Some time ago, in one of my posts I noted that I was looking for a newborn screening specialist. Then I got a letter from a mother of a boy with MCAD (medium chain acyl CoA dehydrogenase defect) from Texas and I had to realize how incredible story she had. Laura Clow who is also a member of www.savebabies.org website, kindly answered my questions.
- Please tell us the story of your boy! How was he diagnosed with medium chain acyl CoA dehydrogenase defect?
Brickman was a full-term, seemingly perfect, healthy baby & toddler, hitting every developmental milestone ahead of schedule. When he was 19 months old, he became ill with a stomach virus. He went 18 hours without food because of the illness. He began having seizures and slipped into a coma. The doctors at the E.R. could not determine what was wrong. His lab-work (which took 3 hours to receive) from the hospital revealed that his glucose level was 7 in the blood and 2 in the spinal fluid. When this was discovered, we were in a critical care ambulance in transport to a children’s hospital in Dallas. The paramedic put glucose into his circulation immediately.
He remained in the coma for 15 hours, was in a Pediatric Intensive Care Unit unit for 2 days and stayed in the hospital for 6 more days. Lab tests were sent to Duke University and it was determined that he had MCAD. My husband and I had genetic testing and he has the most common MCAD mutation and I have one that had not been discovered until that time. We then learned that other states in the USA routinely screened for MCAD in the newborn screening panel and that we could have ordered the test for only $25.00 at the time of his birth if we had only known about it. By the grace of God, Brickman did not suffer any long-term consequences from the metabolic crisis.
- You told me that your family has been very active promoting awareness of supplemental newborn screening. You even went to the state capitol and testified in front of the Health & Human Services Committee. Why did you do that and what are the results?

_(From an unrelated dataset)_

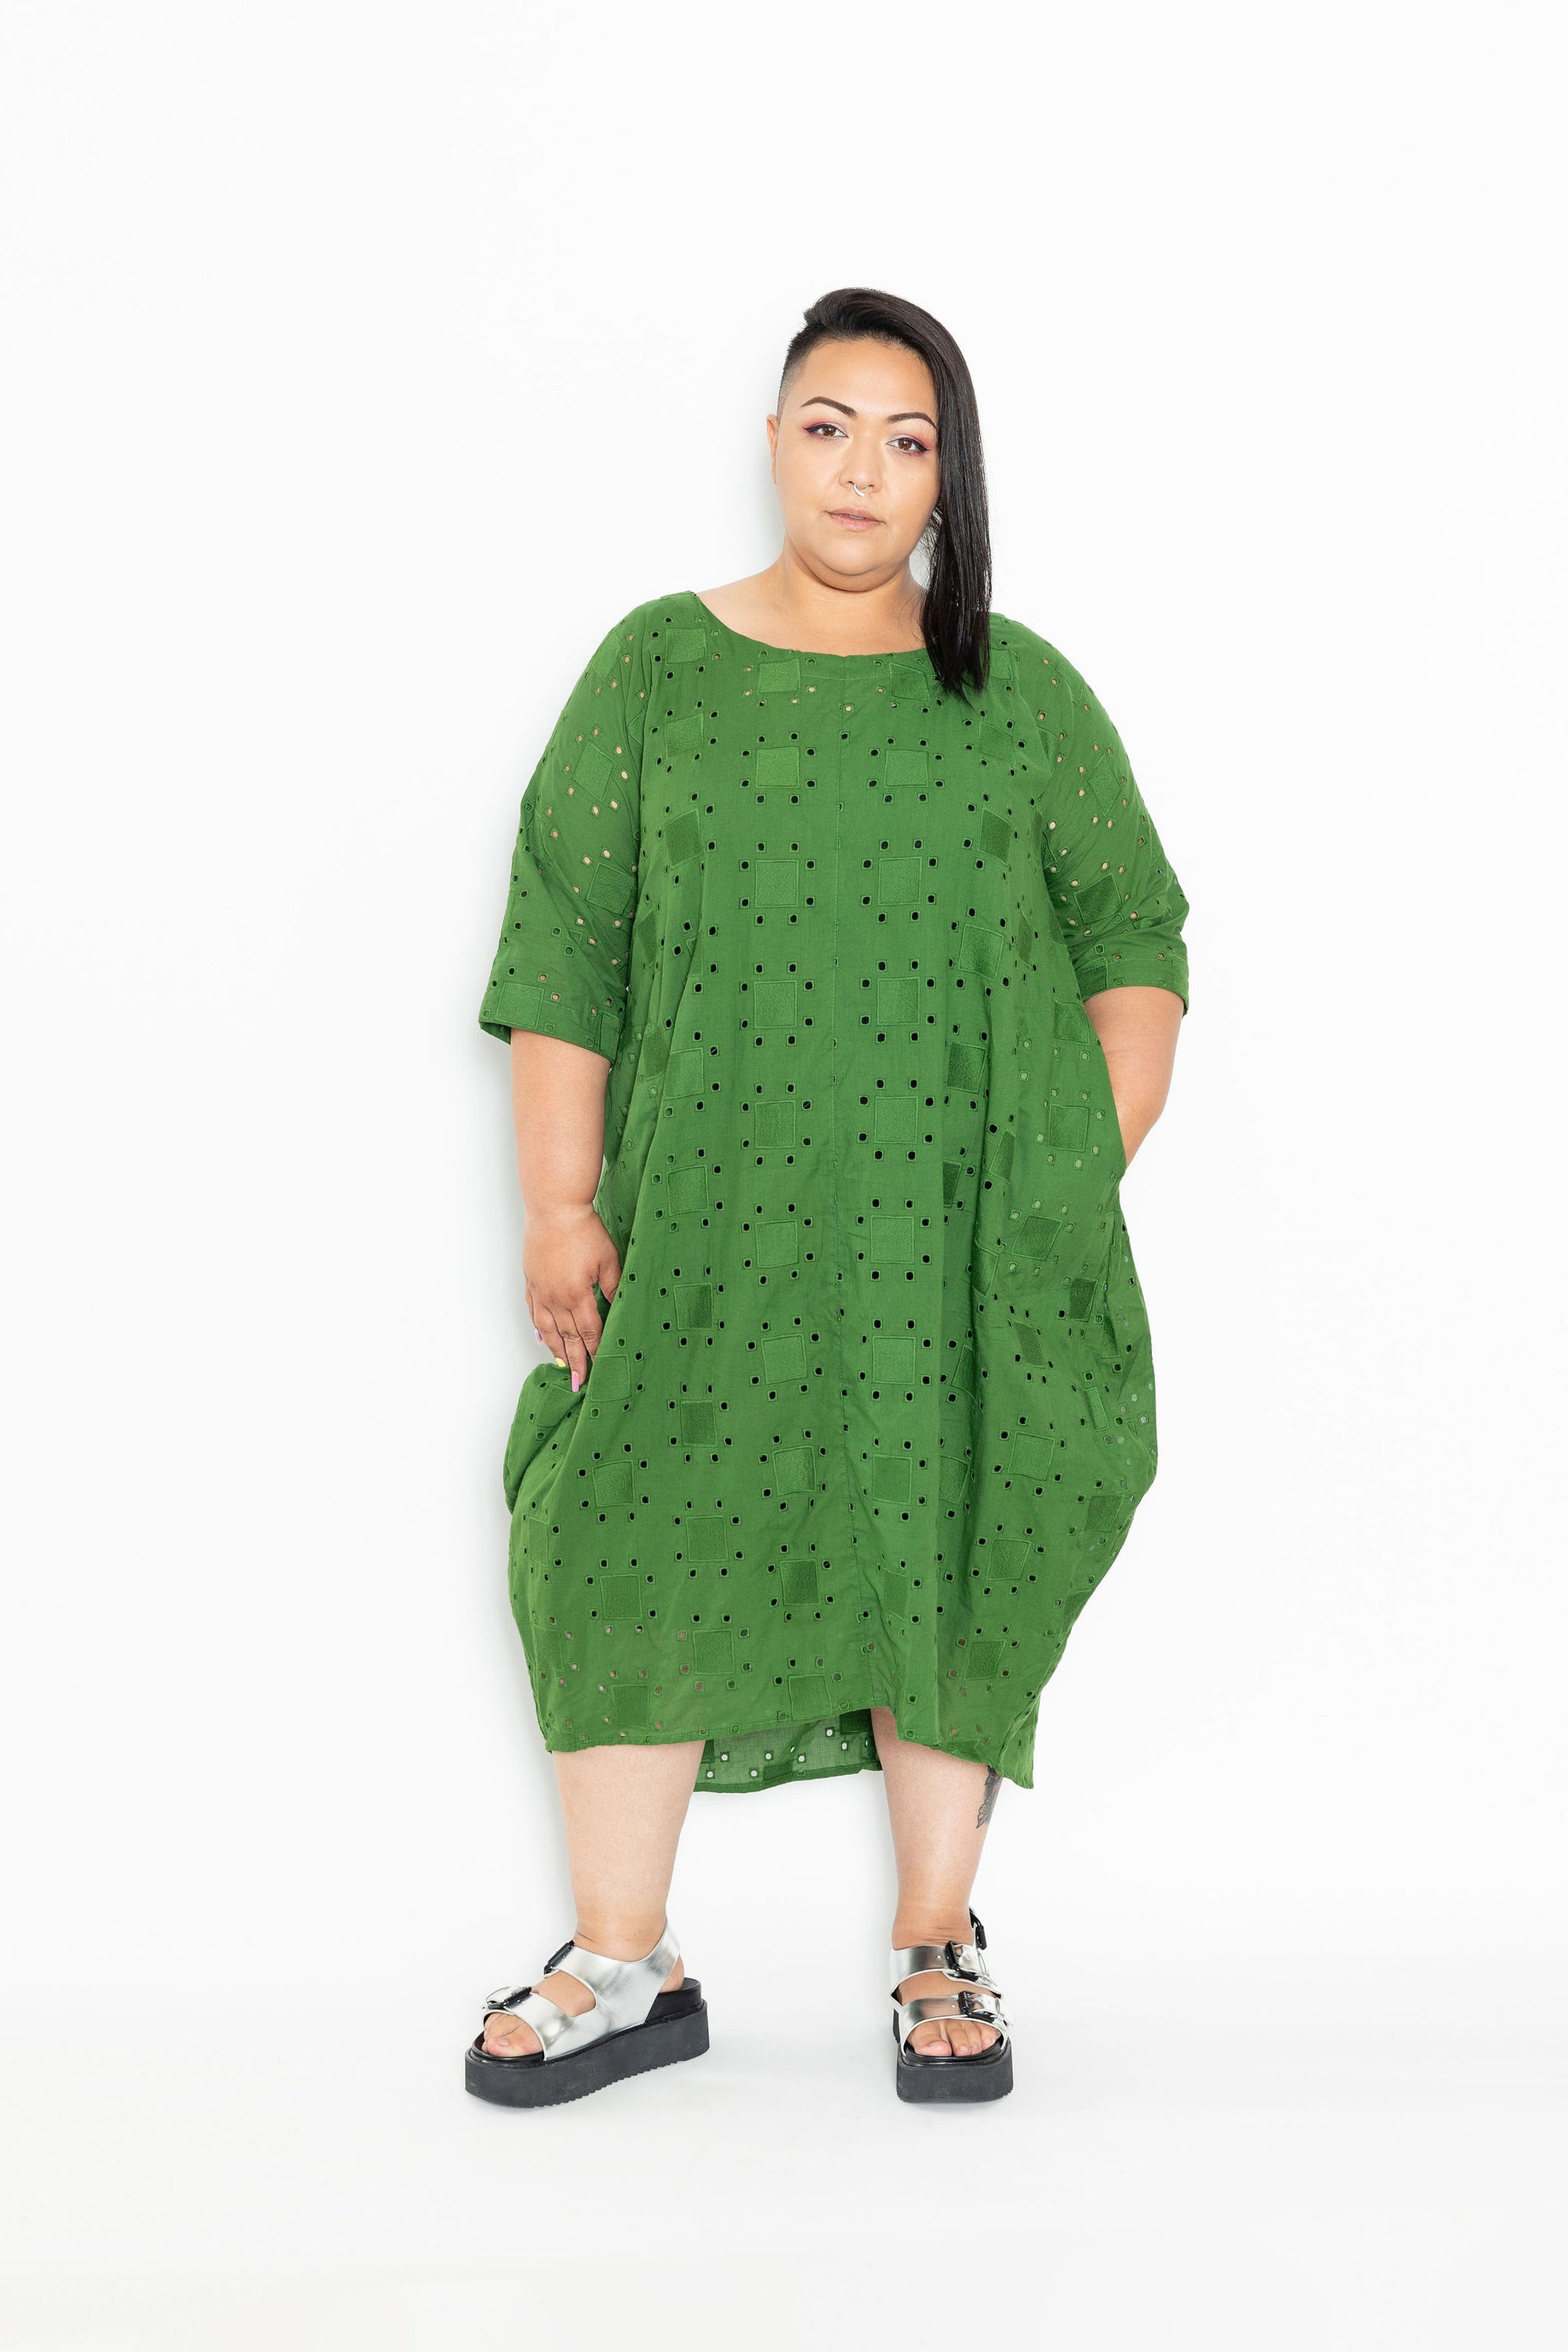 Outlet - last One Size M - Sam Dress! - Leaf Green

When I learned that the state lines in which we lived prevented us from knowing about his condition at birth and that we could have paid $25.00 for a supplemental screening test, I was mad, but determined to make a difference for others. I joined two support groups (www.fodsupport.org and www.savebabies.org ) and met many families whose children had died or suffered permanent brain damage from undiagnosed metabolic conditions. I did not want another family to have to endure a tragic experience because of lack of proper newborn screening. Educating others about newborn screening became my passion.
I have worked at many trade show booths, baby fairs, spoken to Mom’s groups, midwife groups and doctors to promote awareness of expanded newborn screening. I would stop pregnant women in the grocery store and tell them about it. I also gave supplemental newborn screening kits with a check for $25.00 to many of my friends.

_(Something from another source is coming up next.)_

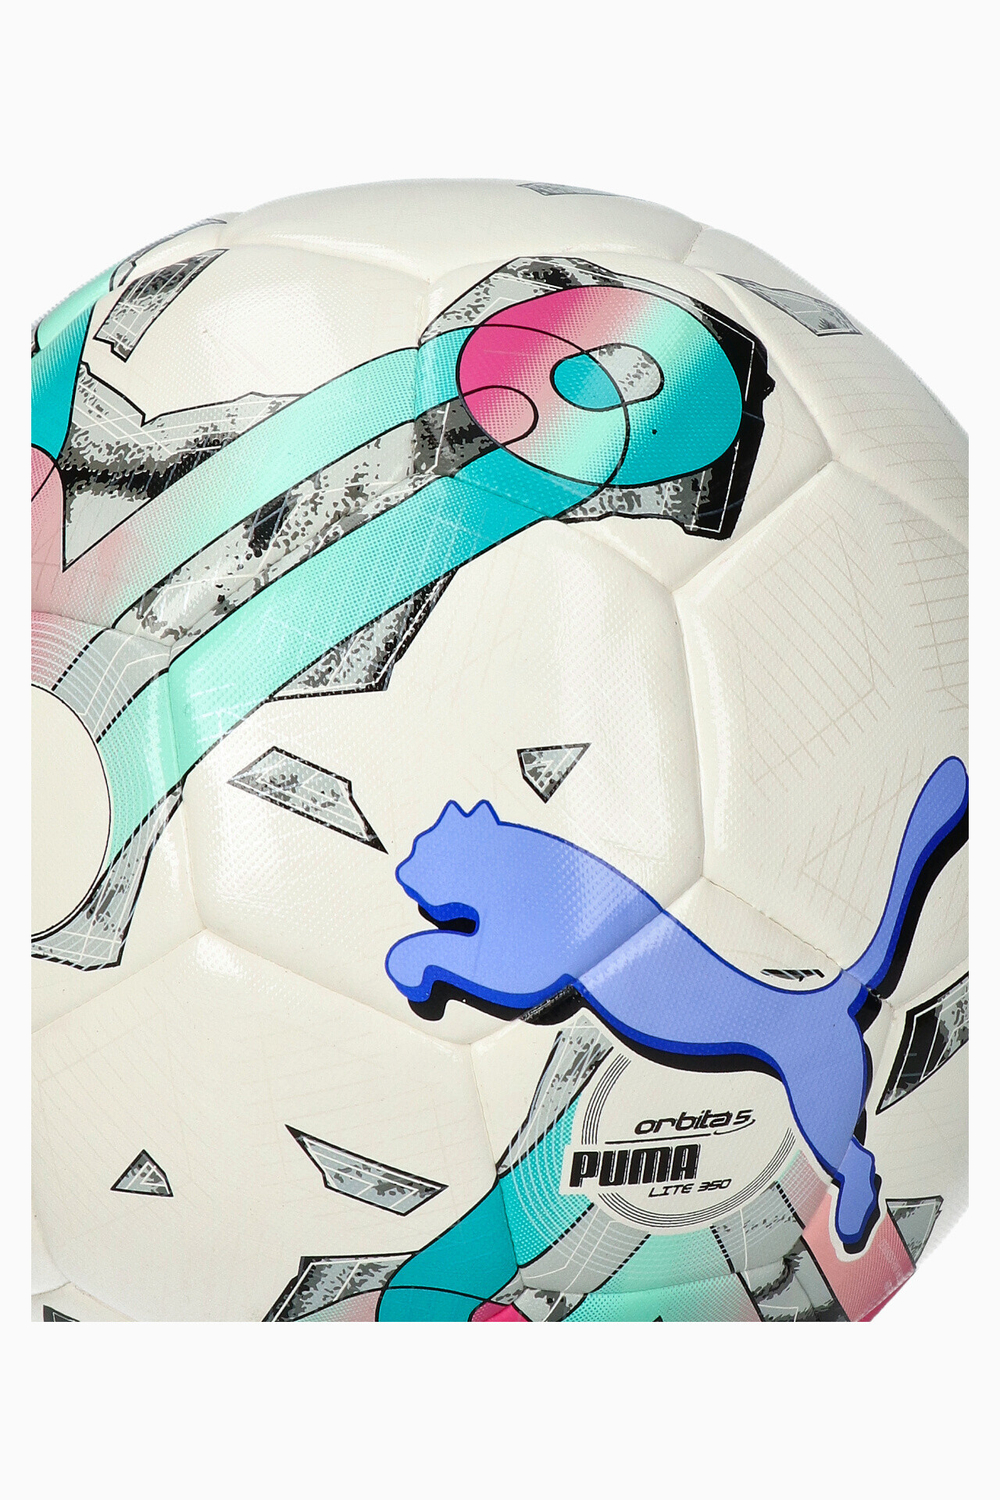 Футбольный мяч Puma Orbita 5 Hybrid Lite 350 размер 5

One day, I contacted my State Representative to express concern about lack of proper newborn screening in Texas. About that same time, the March of Dimes was pushing for states to expand newborn screening programs across the USA. We teamed up with the March of Dimes when Texas was considering expansion of their program in April of 2005. We traveled to the State Capitol and testified in front of the Health & Human Services Committee. There were several other affected Texas families there as well. The proposals passed the House and the Senate, but the expanded screening did not actually begin until December 2006. Texas now screens newborns for 27 inherited disorders – 19 more than before.
- What are your plans for the near future?
Great Question! I wish I knew the answer! I am looking for a job for the fall because my youngest child will start Kindergarten. I was an elementary school teacher before I had children, and I would like to teach again or work in the field of expanded newborn screening.
- How does savebabies.org works?
The Save Babies Through Screening Foundation is a non-profit, volunteer-run foundation which exists to promote awareness and educate others about expanded newborn screening. The website has many links to the 50 USA state newborn screening programs, information about how to obtain a supplemental screening kit, family stories and more. They also have an email list where families can seek support from others and share information.
I’m totally amazed by the work and enthusiasm of Laura Clow. It became true that mothers like her can improve even a whole system.